Fernando Seabra

Personal information
- Full name: Fernando Seabra
- Date of birth: 19 June 1977 (age 49)
- Place of birth: São Paulo, Brazil

Team information
- Current team: Coritiba (head coach)

Managerial career
- Years: Team
- 2006: Assisense (assistant)
- 2007–2008: Grêmio Barueri (assistant)
- 2008–2009: PAEC U20
- 2009–2010: Red Bull Brasil U17
- 2011–2013: Red Bull Brasil U20
- 2013: Red Bull Brasil (assistant)
- 2013: Red Bull Brasil
- 2018–2019: Corinthians U20 (assistant)
- 2020–2021: Athletico Paranaense U17
- 2021–2022: Desportivo Brasil U20
- 2022: Desportivo Brasil
- 2022–2024: Cruzeiro U20
- 2023: Cruzeiro (interim)
- 2024: Red Bull Bragantino II
- 2024: Cruzeiro
- 2024–2025: Red Bull Bragantino
- 2026–: Coritiba

= Fernando Seabra =

Brazilian football manager (born 1977)

Fernando Seabra (born 19 June 1977) is a Brazilian football coach.
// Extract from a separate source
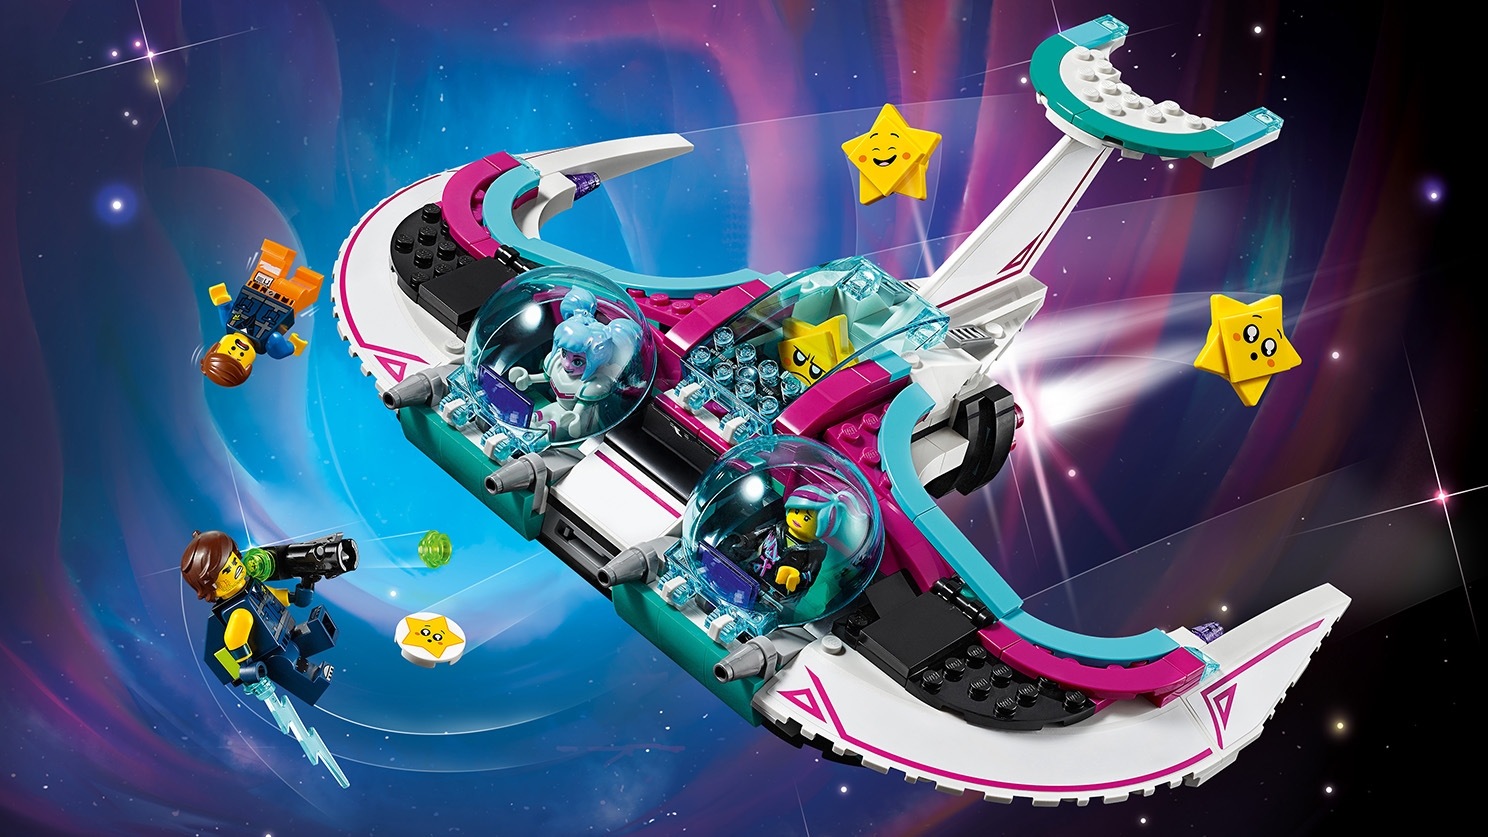 Lego 70849 The Lego Movie 2 Wyld-Mayhem Star Fighter New Exclusive Spaceship Set

He currently is the head coach of Campeonato Brasileiro Série A club Coritiba.

==Career==
===Early career===
Born in São Paulo, Seabra began his career as an assistant coach of Assisense in 2006. He later worked at Grêmio Barueri under the same role, before taking over the youth sides of PAEC and Red Bull Brasil.

On 8 June 2013, Seabra was named head coach of RB for the year's Copa Paulista. He later worked in the staff of other clubs in his native state, before becoming a development analyst at Ceará in January 2015.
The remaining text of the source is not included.